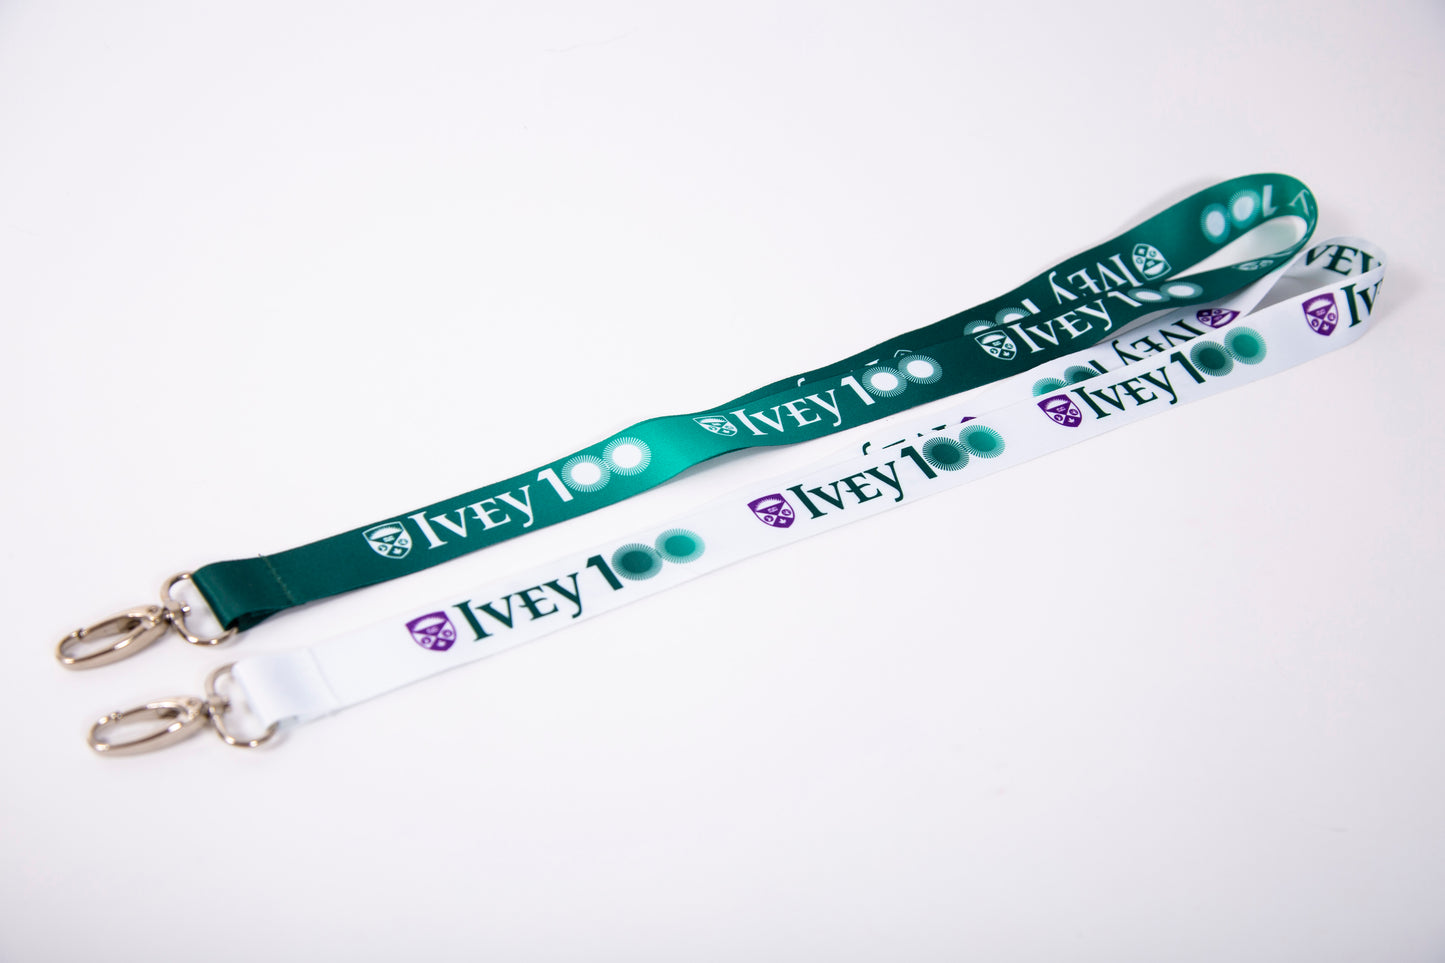 Ivey Centennial Green Lanyard with Lobster Claw
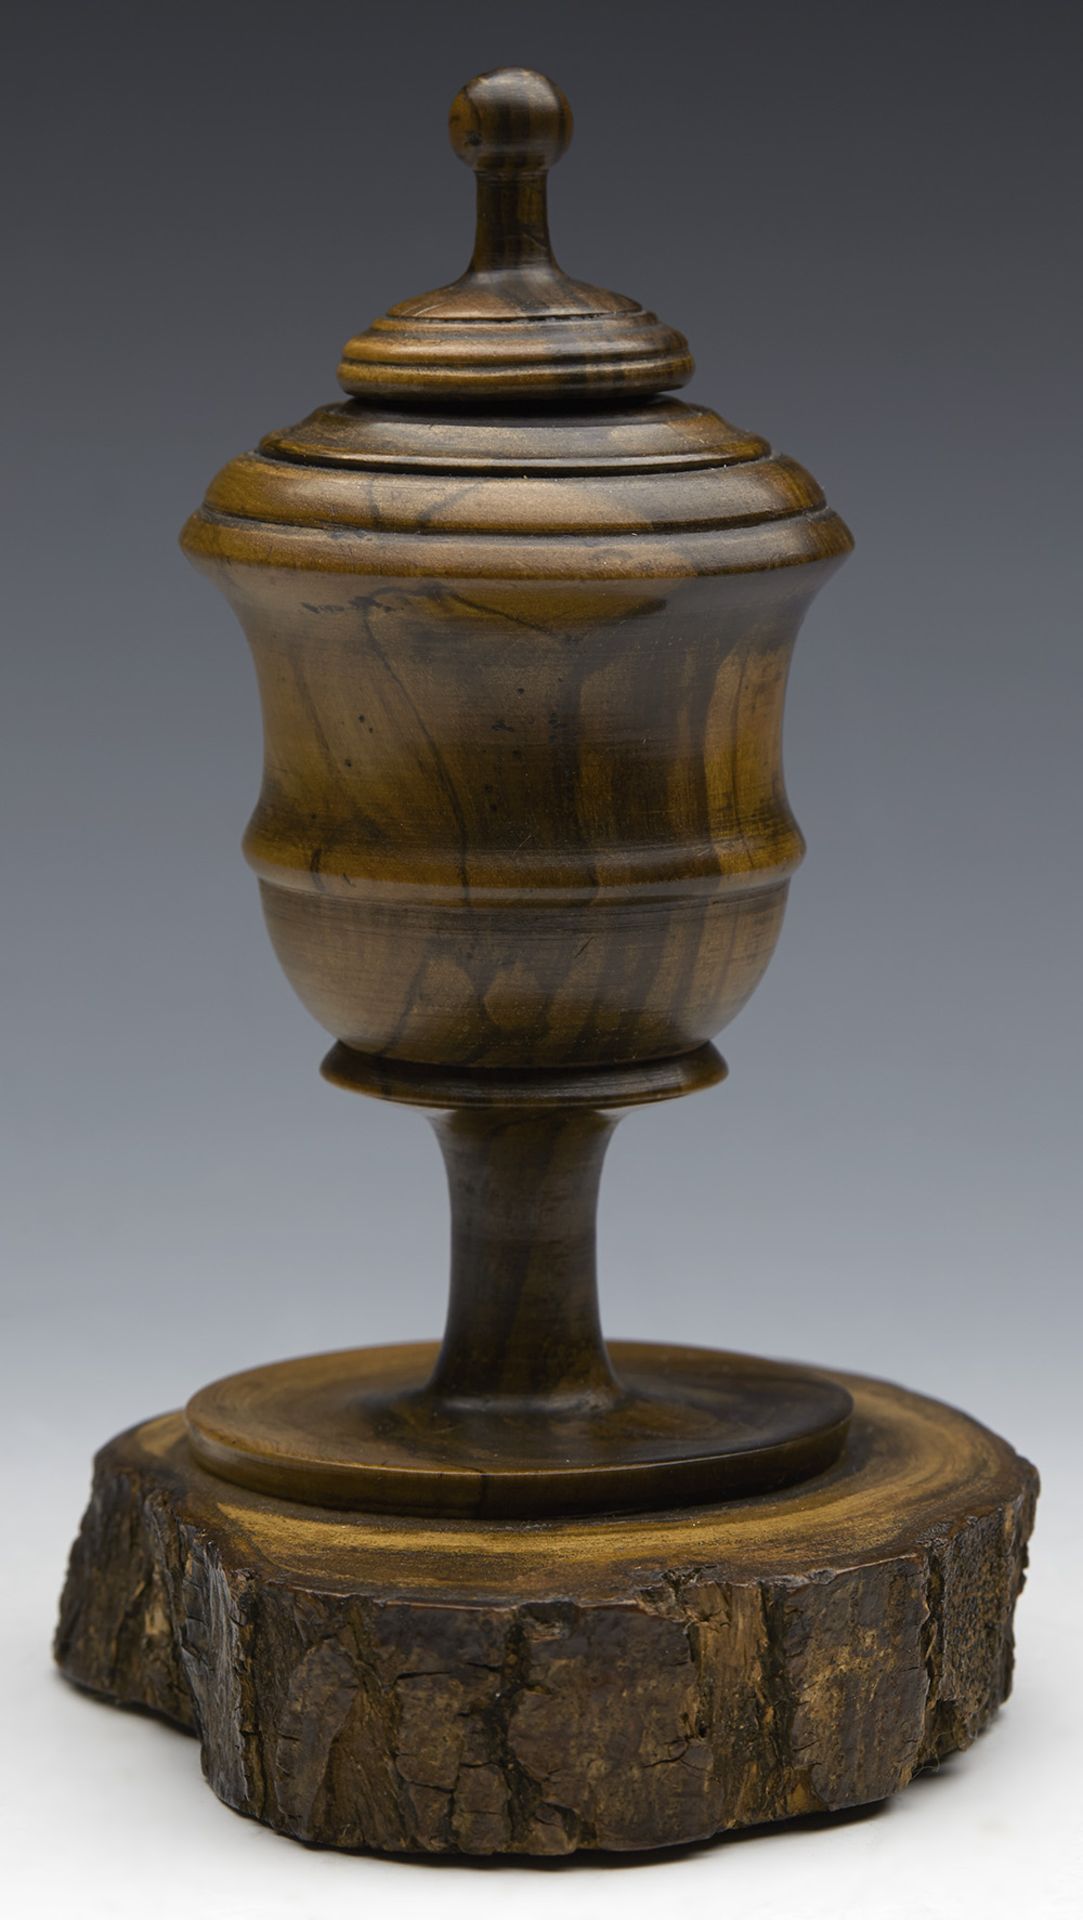 ANTIQUE FINELY HAND TURNED TREEN INKWELL 19TH C. - Image 7 of 7
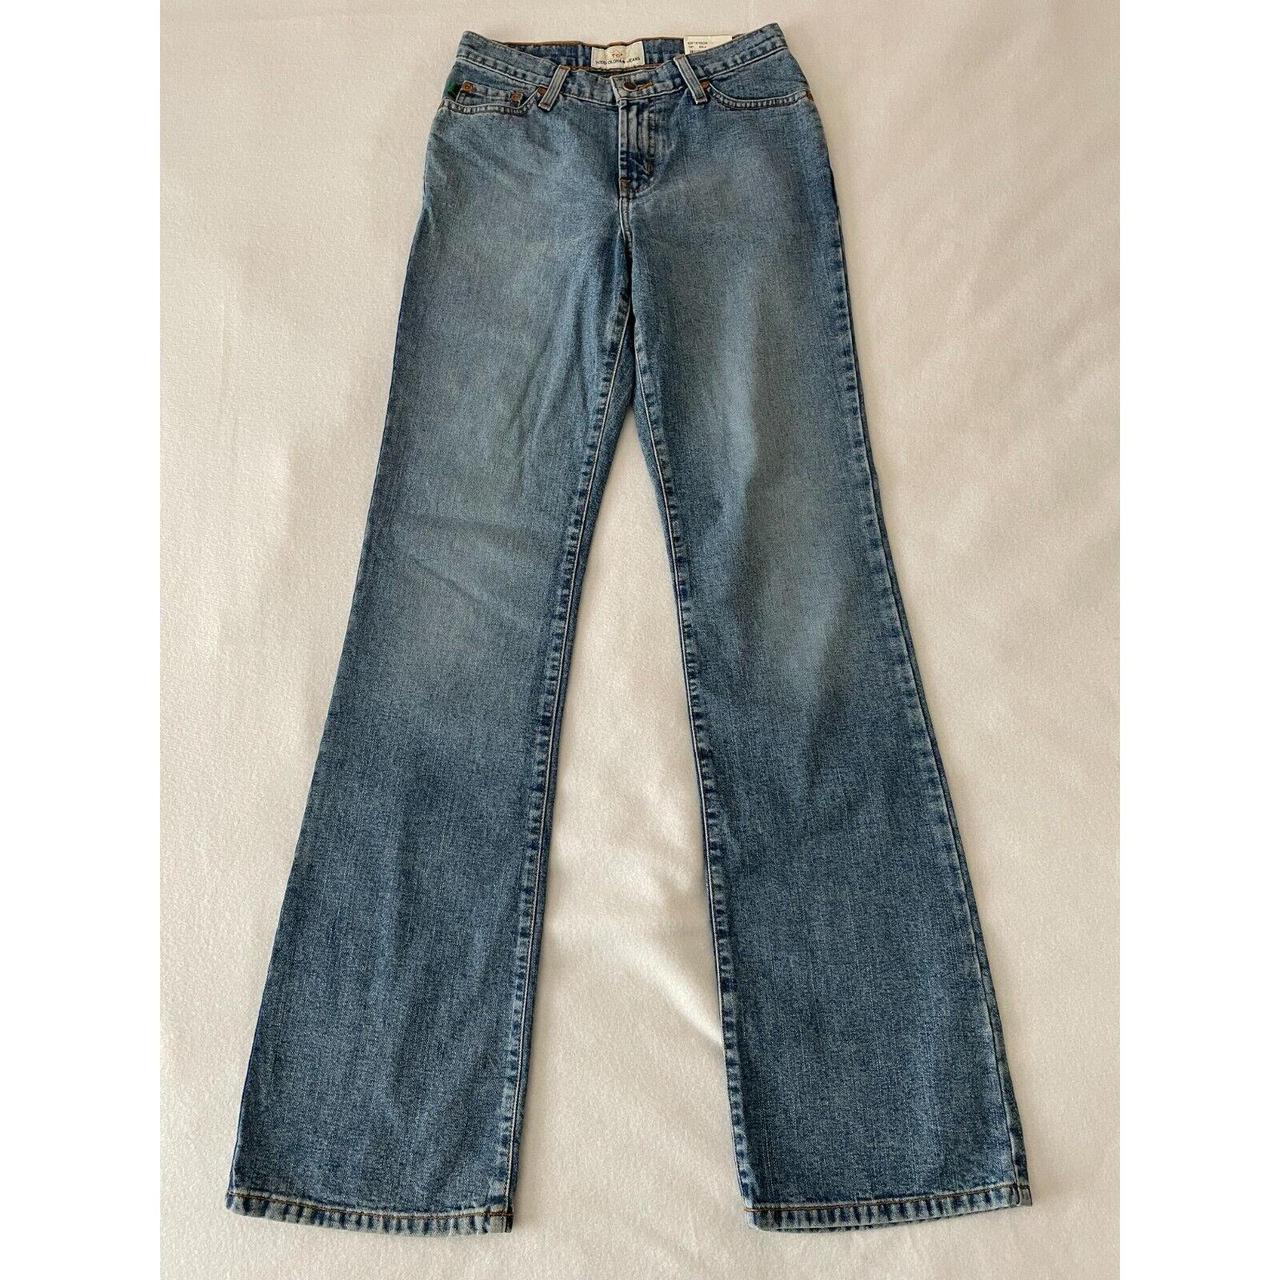 Product Image 2 - Todd Oldham Jeans Womens Mid

################

Repeat the material above in full and unchanged, minus its images.

Exercise answer -
 Ivey Centennial Green Lanyard with Lobster Claw
 ANTIQUE FINELY HAND TURNED TREEN INKWELL 19TH C. - Image 7 of 7
 Product Image 2 - Todd Oldham Jeans Womens Mid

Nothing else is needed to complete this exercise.